More critically, TE modules for power generation usually operate at large temperature gradients (e.g. 300~500 K for mid-temperature power generation applications) and fluctuating temperatures, so the differences in physical parameters of n- and p-type TE materials, such as the coefficient of thermal expansion, will result in high thermal stresses that can easily lead to device failure during service.

In addition, the differences in melting point and machinability of different n- and p-type TE materials impose additional constraints on the welding and assembly process.

(a) Output voltage (hollow) and output power (solid) of a fully Mg3Sb2-based module as a function of current under different measuring temperature differences. (b) Measured and predicted conversion efficiency as a function of temperature difference of our two-pair and eight-pair modules. (c) Comparison of the efficiency of existing same-parent TE modules at a temperature difference of 380 K over the last decade. (d) Change of the maximum output power (ΔPmax) and efficiency (Δηmax) of the 8-pair Mg3Sb2-based module during 150 thermal cycles when hot-side temperature cycles between 673 K and 473 K. Credit: Science China Press

Therefore, there is a strong desire to develop efficient and robust TE modules using the same parent TE compounds, so that an excellent match of material properties will facilitate module fabrication and ensure long-term stable operation.
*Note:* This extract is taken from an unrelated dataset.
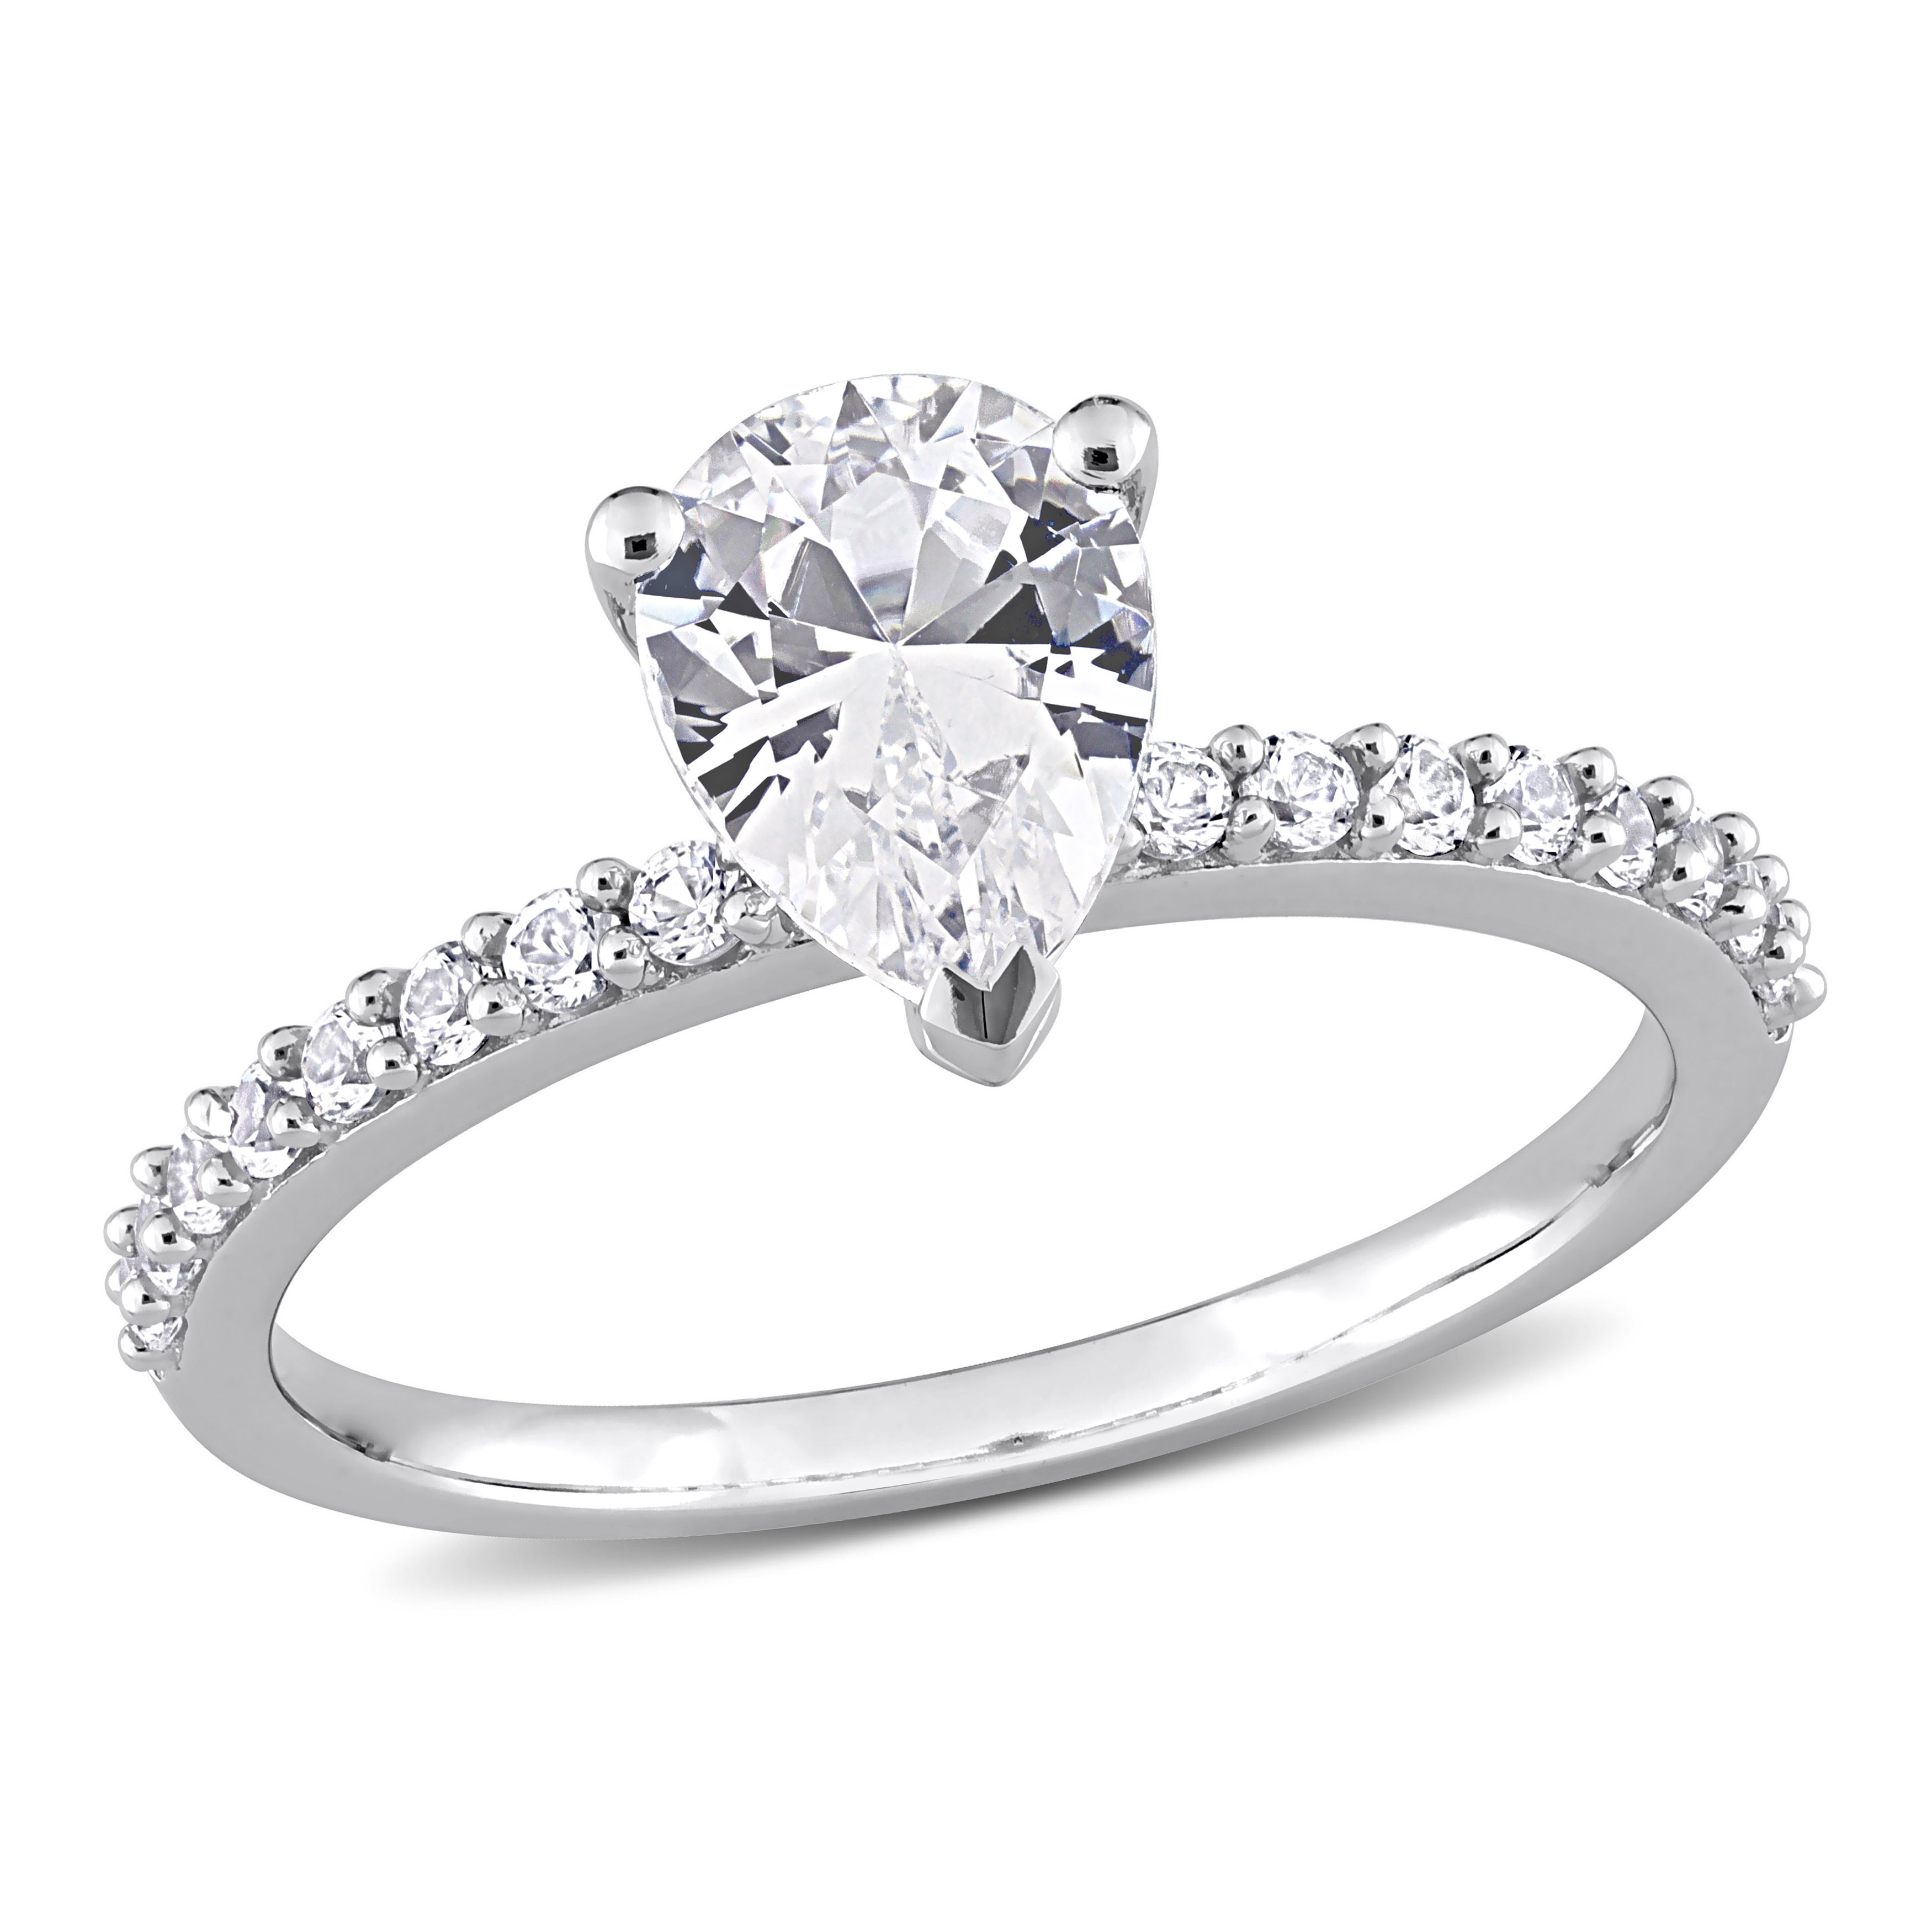 2 1/8 CT TGW Pear Shape Created White Sapphire Solitaire Engagement Ring in 10k White Gold

And it has been well demonstrated in actual applications, for example, the commercially available Bi2Te3 modules, the PbTe modules, and SiGe modules used by NASA in deep space exploration, which are all made from the same parent n- and p-type TE materials.

In response to this challenge, recently, the TE research team led by Professor Wan Jiang and Lianjun Wang from Donghua University (DHU) and Doctor Qihao Zhang from the Leibniz Institute for Solid State and Materials Research Dresden (IFW Dresden) developed novel TE modules consisting of both n-type and p-type Mg3Sb2-based alloys.
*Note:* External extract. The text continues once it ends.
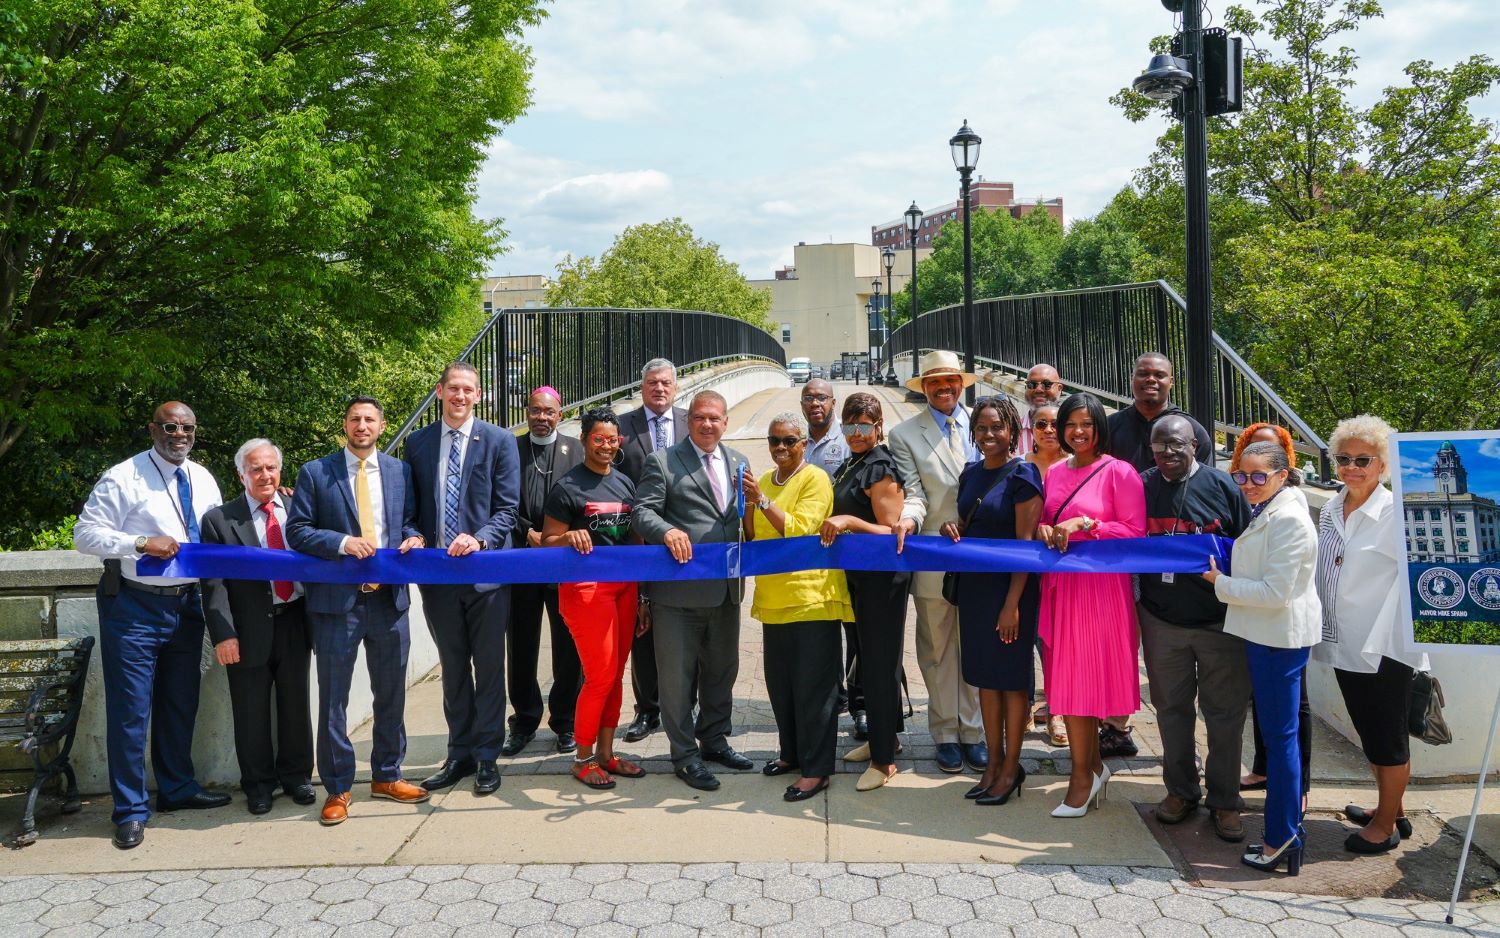 City of Yonkers kicked off a new project

The same-parent p-type and n-type Mg3Sb2-based pellets are fabricated using mechanical alloying and spark plasma sintering. These two compounds show well-matched TE and mechanical properties due to their analogous crystal structures and similar chemical compositions.
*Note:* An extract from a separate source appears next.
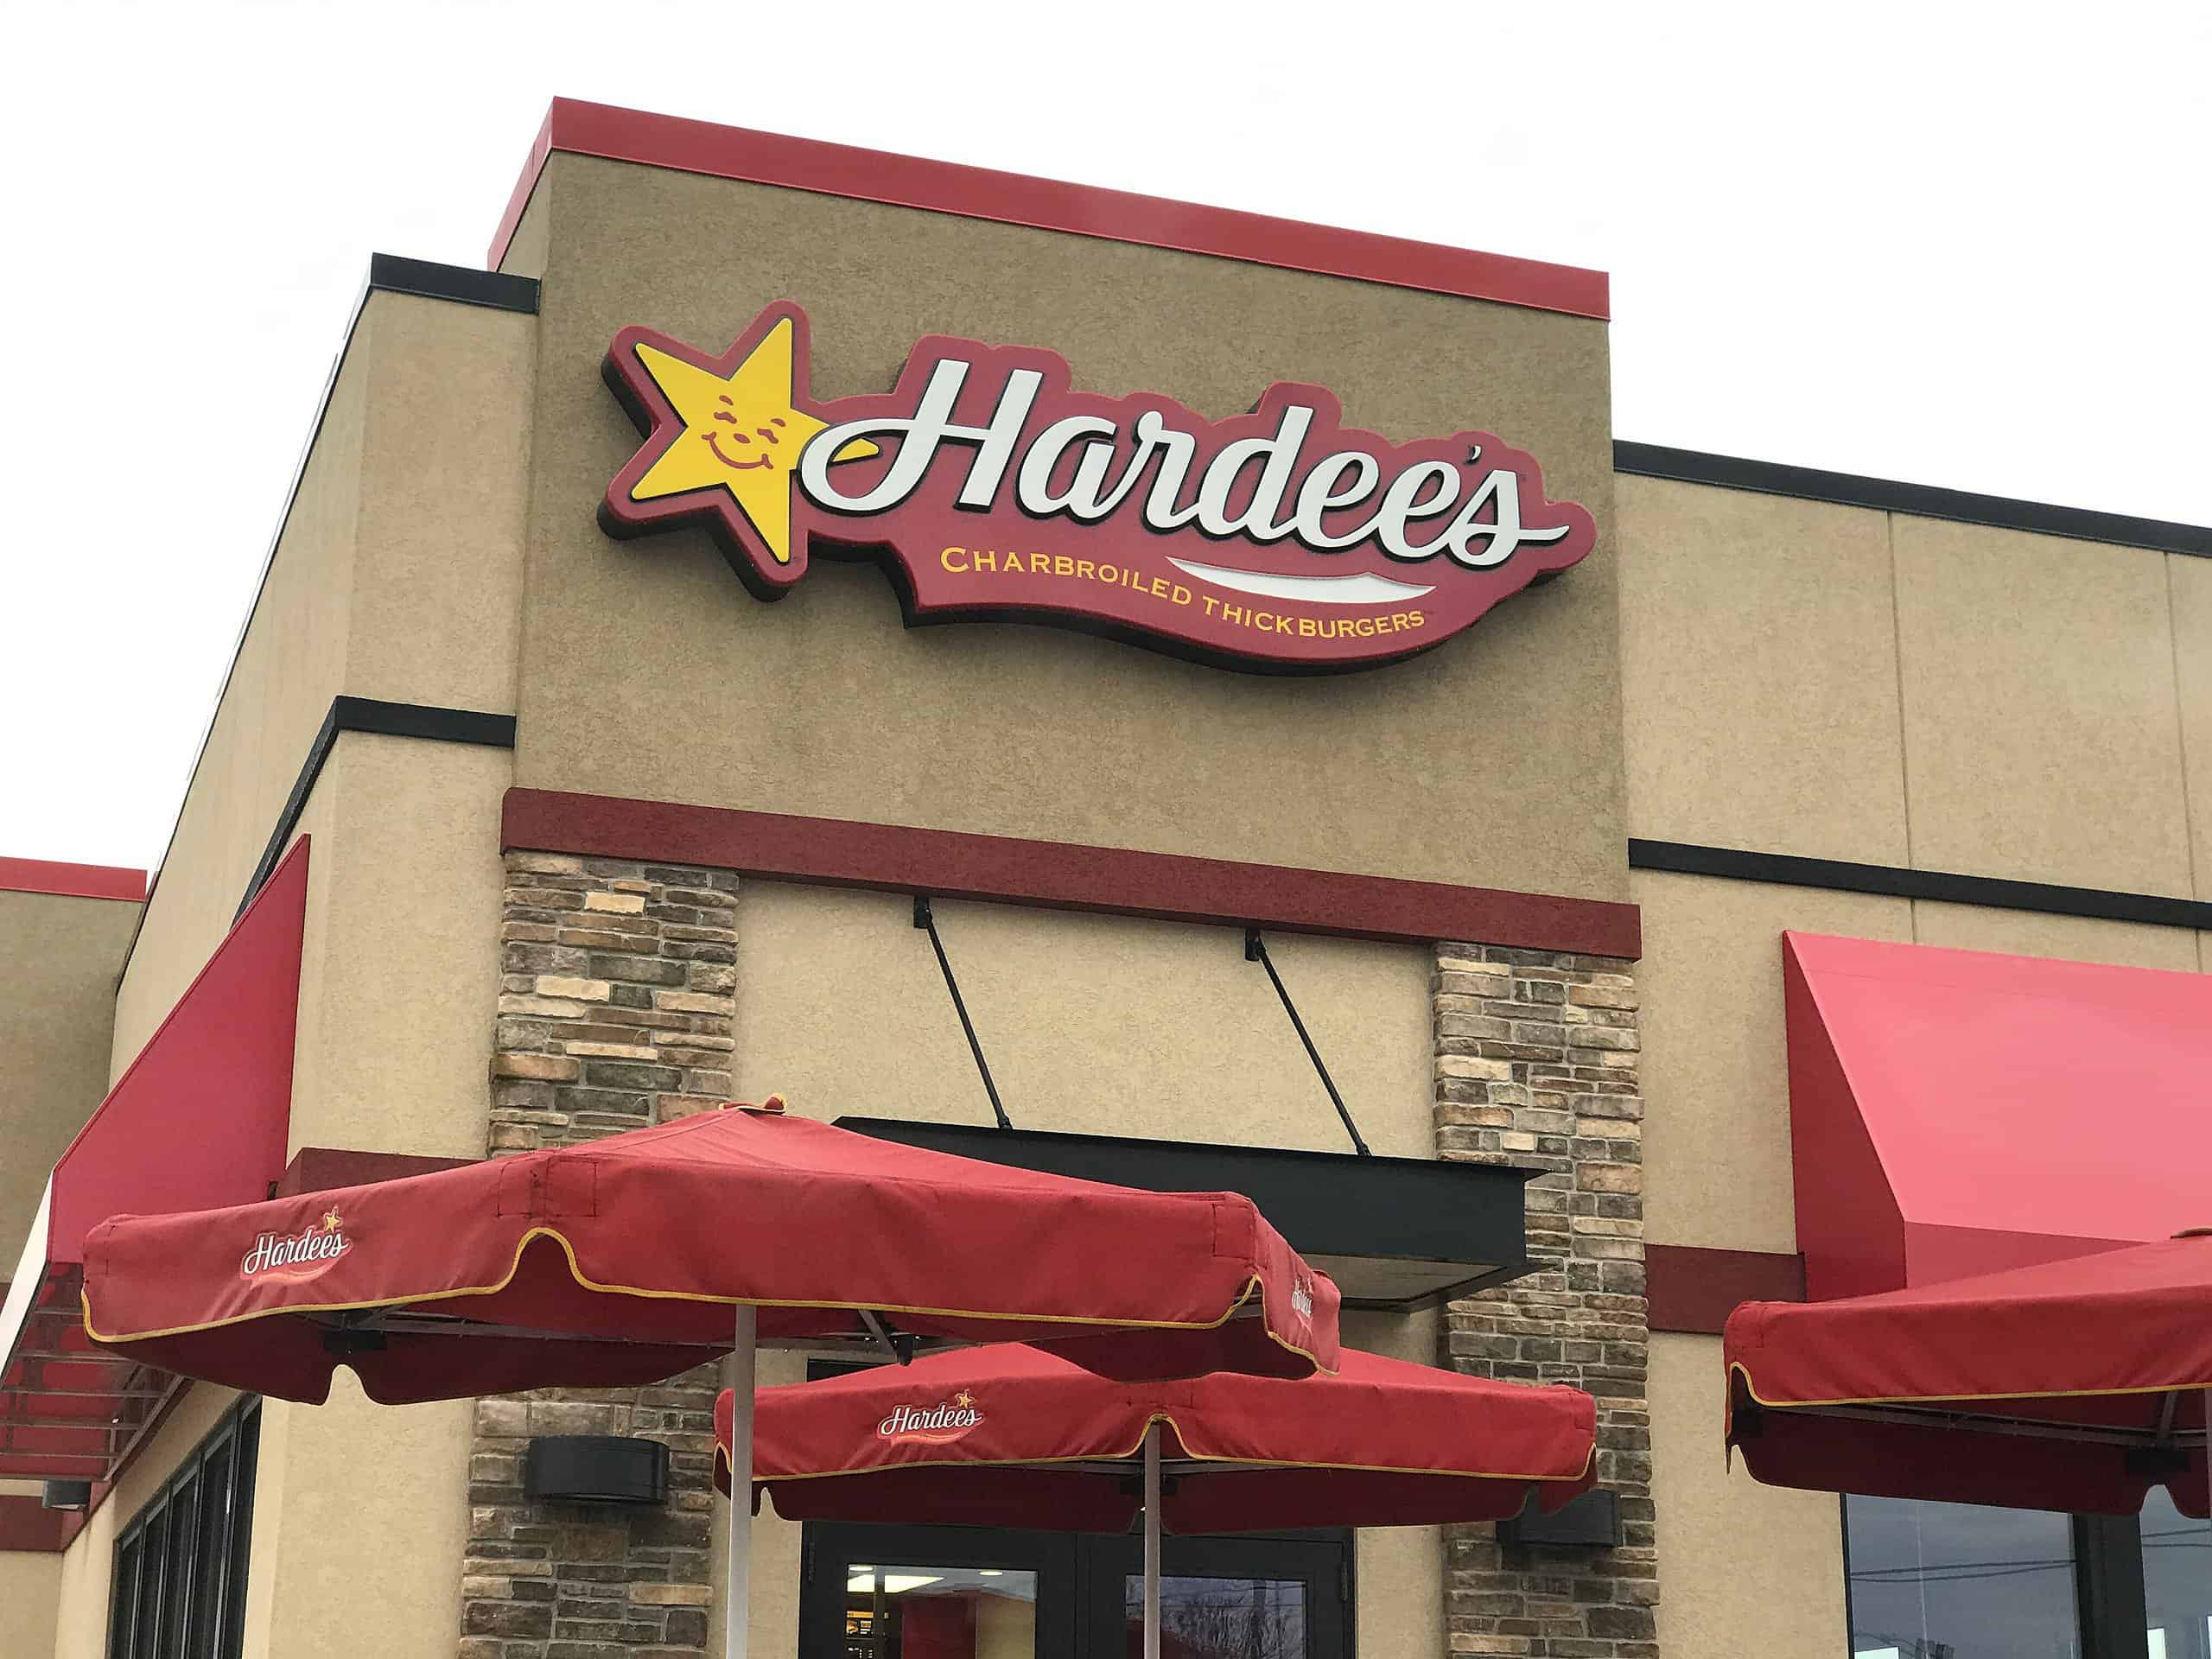 Hardees by Michael Steeber from USA

Finite element simulations confirm that the optimum leg cross-sectional area ratio to achieve the maximum conversion efficiency is around 1.0, which is favorable for the assembly of the modules. Thermomechanical coupling calculations show that the thermal stresses caused by the difference in thermal expansion between the p- and n-type TE elements are minimized. Iron is used as a diffusion barrier layer for both n-type and p-type legs.

And a one-step sintering process is adopted to fabricate the TE joints, which enables strong bonding with low interfacial contact resistivity. Moreover, all-Mg3Sb2-based TE modules are fabricated by developing a new joining process using Ag composite pastes that allows low-temperature assembly, capable of withstanding higher service temperatures.

All these efforts result in a fully Mg3Sb2-based module with a high efficiency of 7.5% to capture electric energy at a heat source temperature of 673 K and exceptional module reliability against thermal cycles. These results successfully illustrate the great potential of developing all Mg3Sb2-based modules for the efficient generation of electricity from low-grade but extremely abundant waste heat.

The findings are published in the journal National Science Review.